Task instructions
Among the entries below, which lines run from the line with "Van Goat Gloves" through the line with "Imagen detalle de"? Retype those, both ends included, exactly and without pictures.
[Data section]
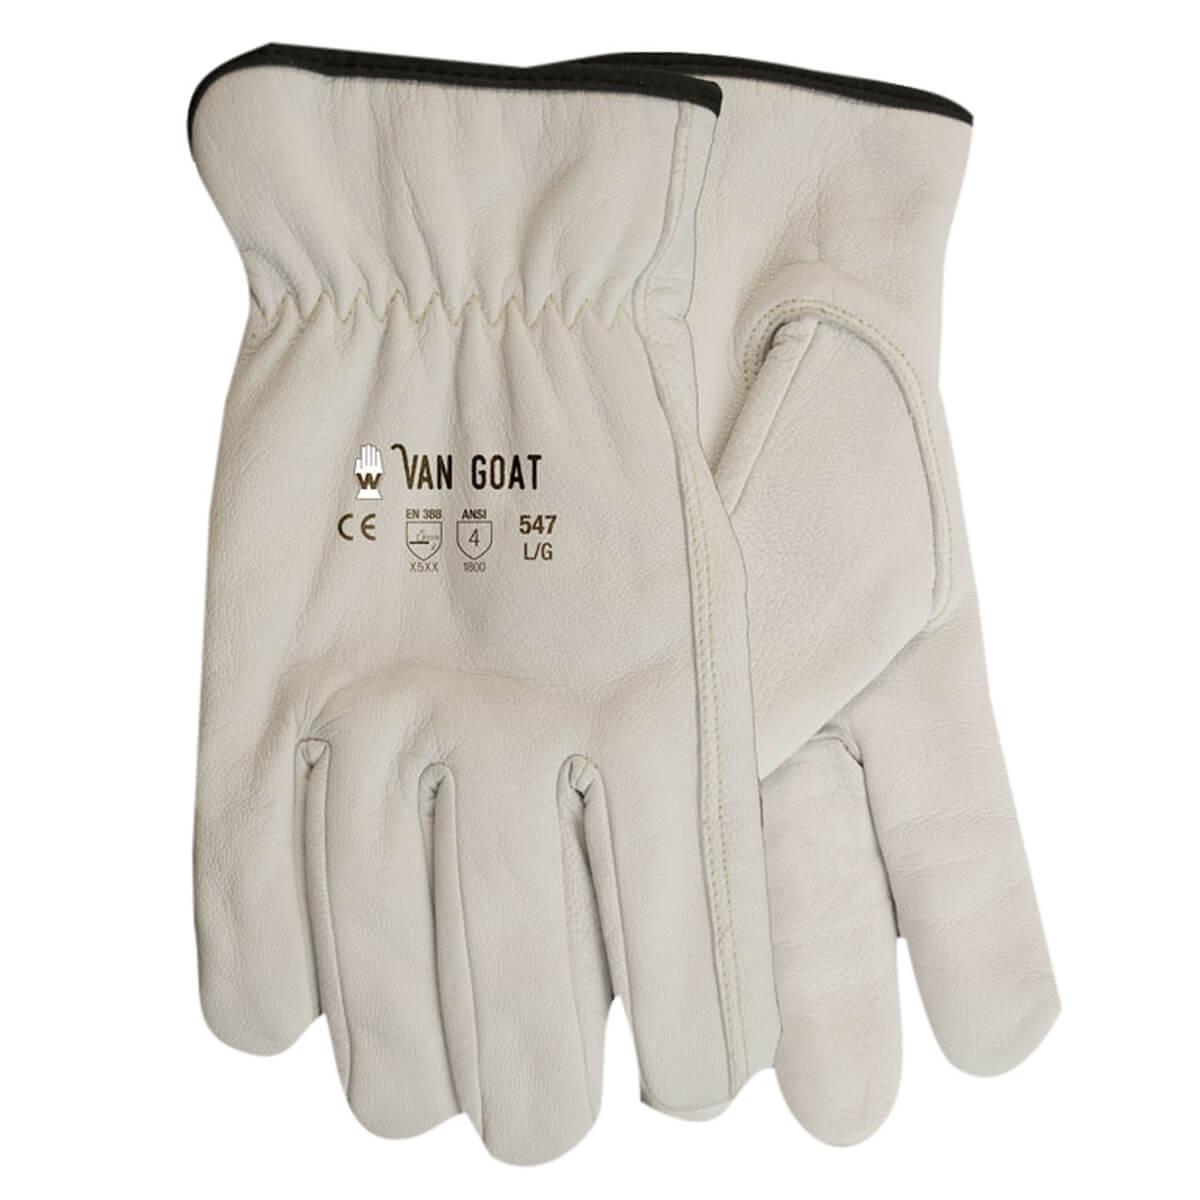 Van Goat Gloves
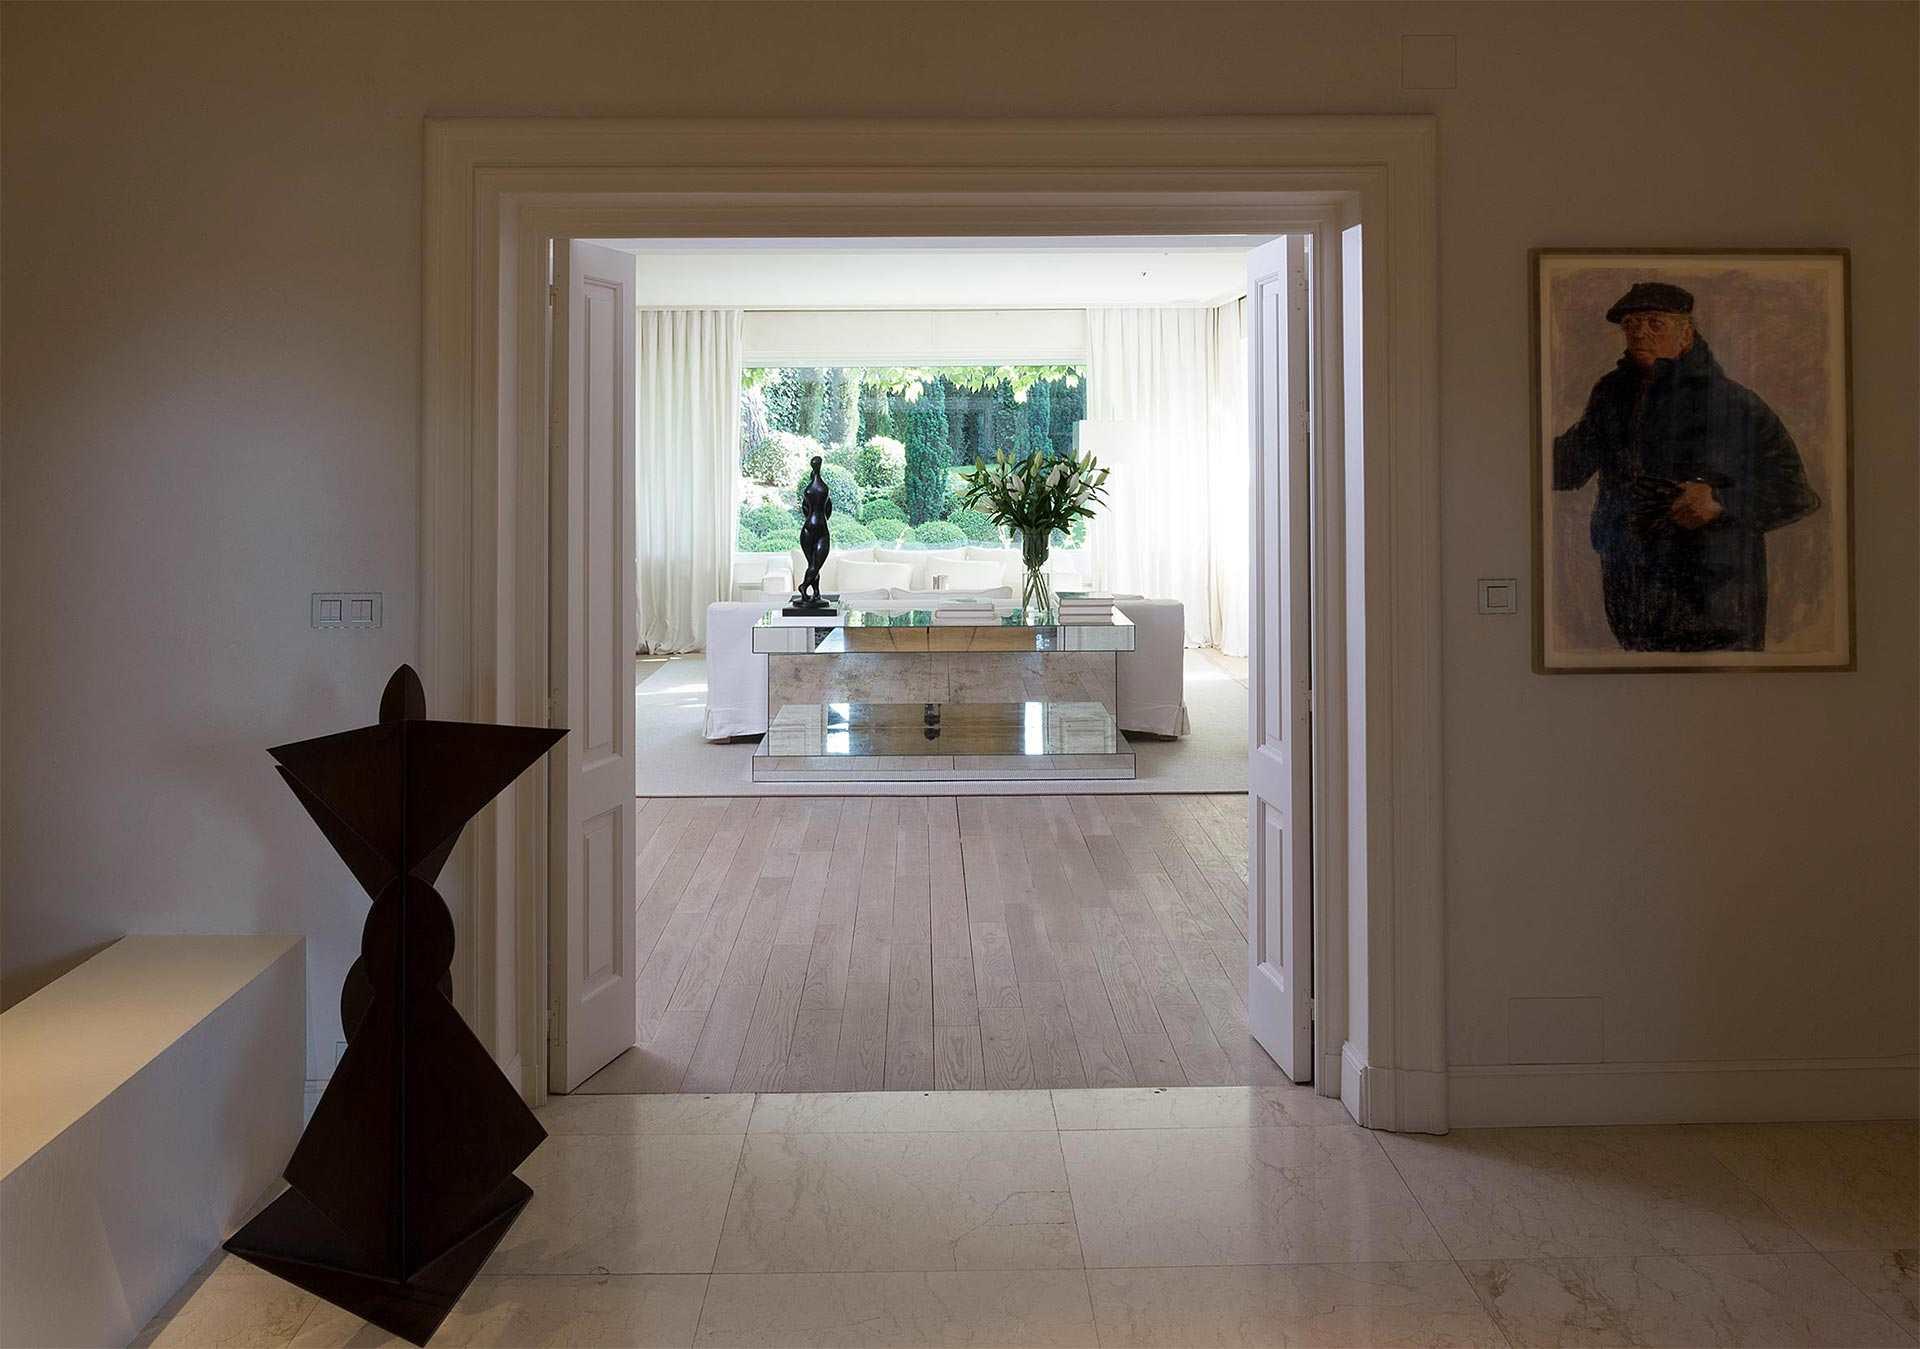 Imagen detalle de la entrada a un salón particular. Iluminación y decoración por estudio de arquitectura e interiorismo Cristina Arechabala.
[/Data section]
[Data section]
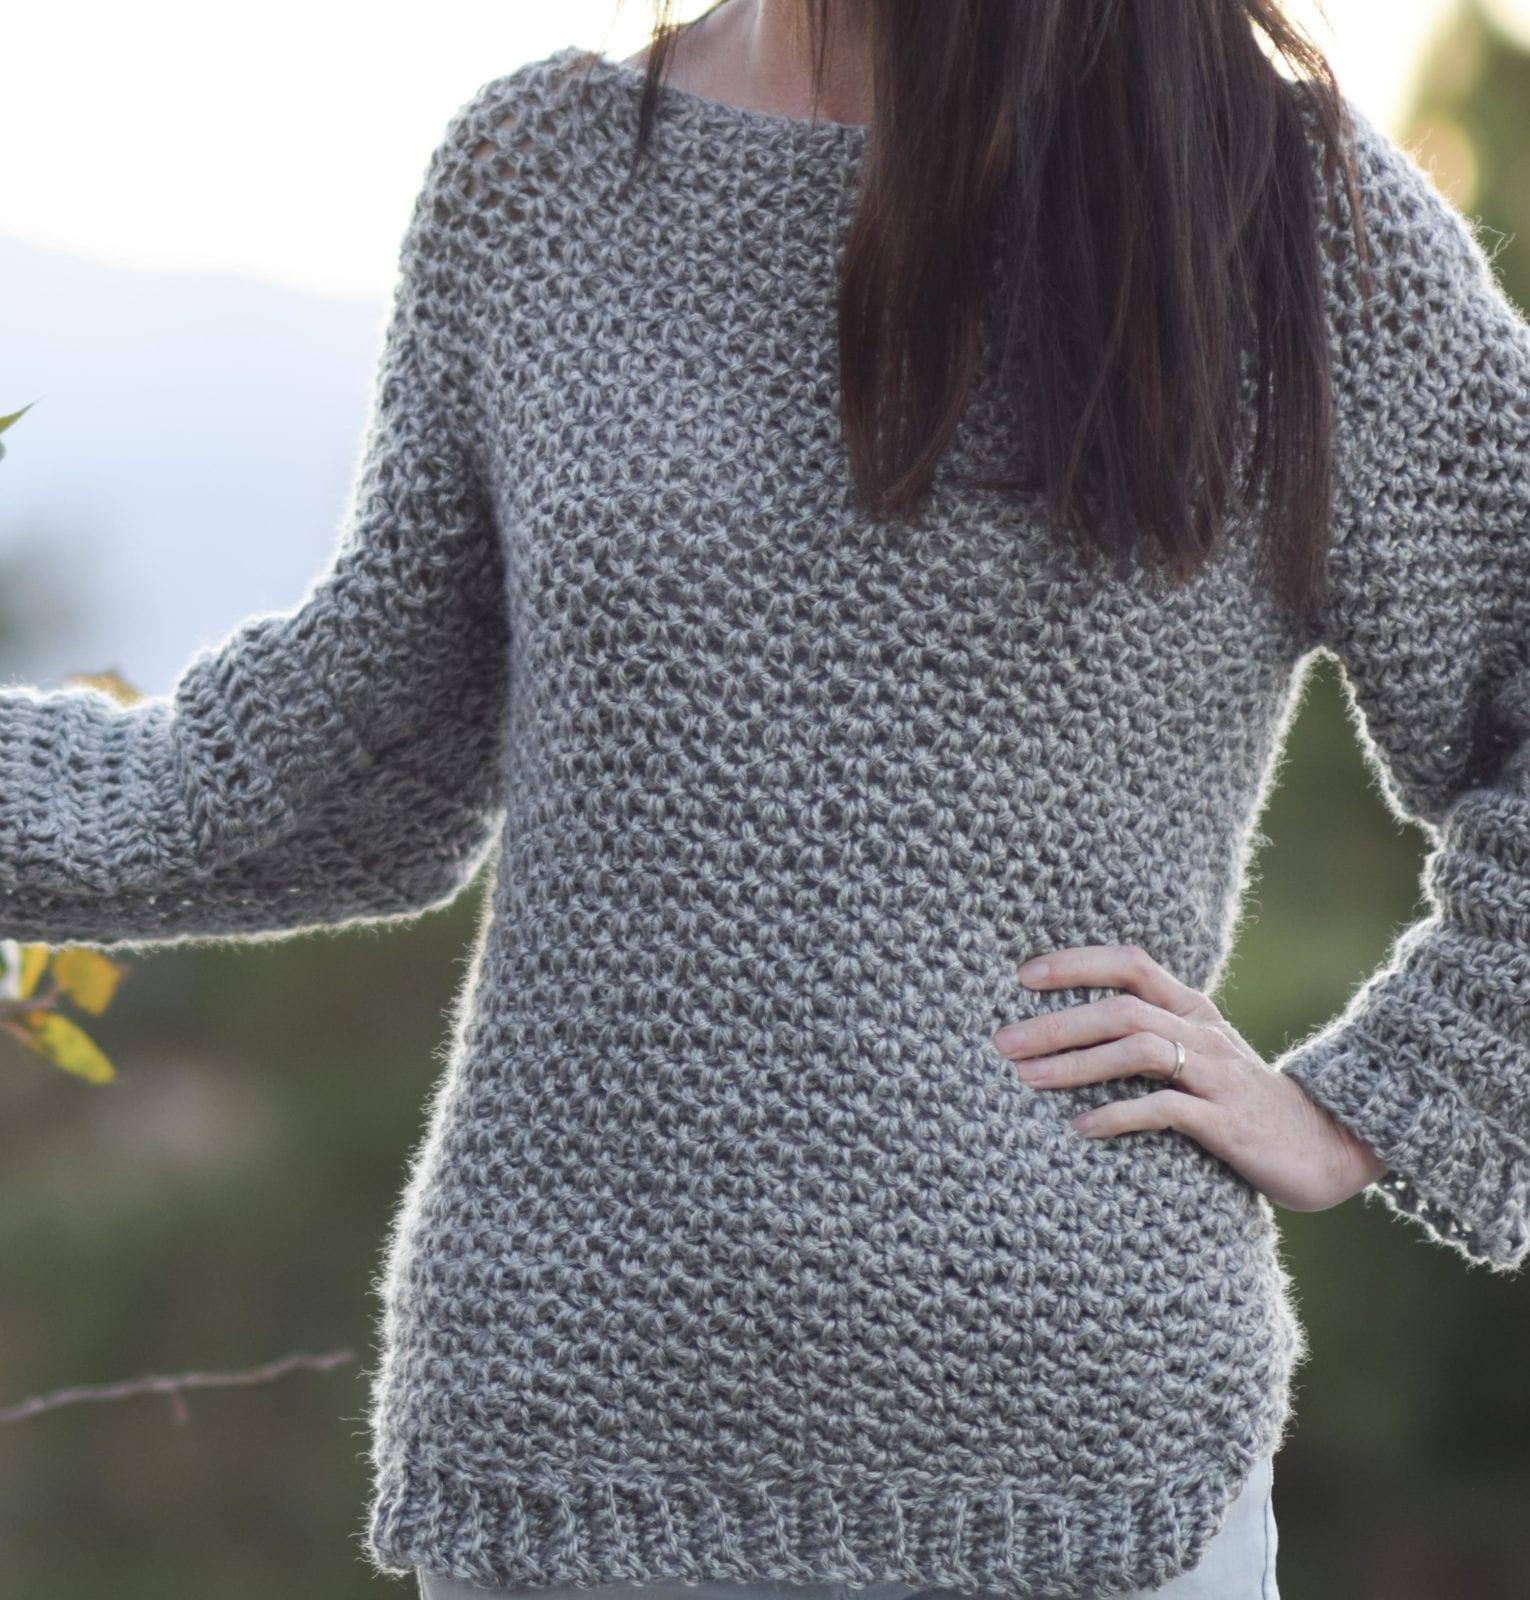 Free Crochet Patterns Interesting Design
[/Data section]
Written response
 Van Goat Gloves
 Imagen detalle de la entrada a un salón particular. Iluminación y decoración por estudio de arquitectura e interiorismo Cristina Arechabala.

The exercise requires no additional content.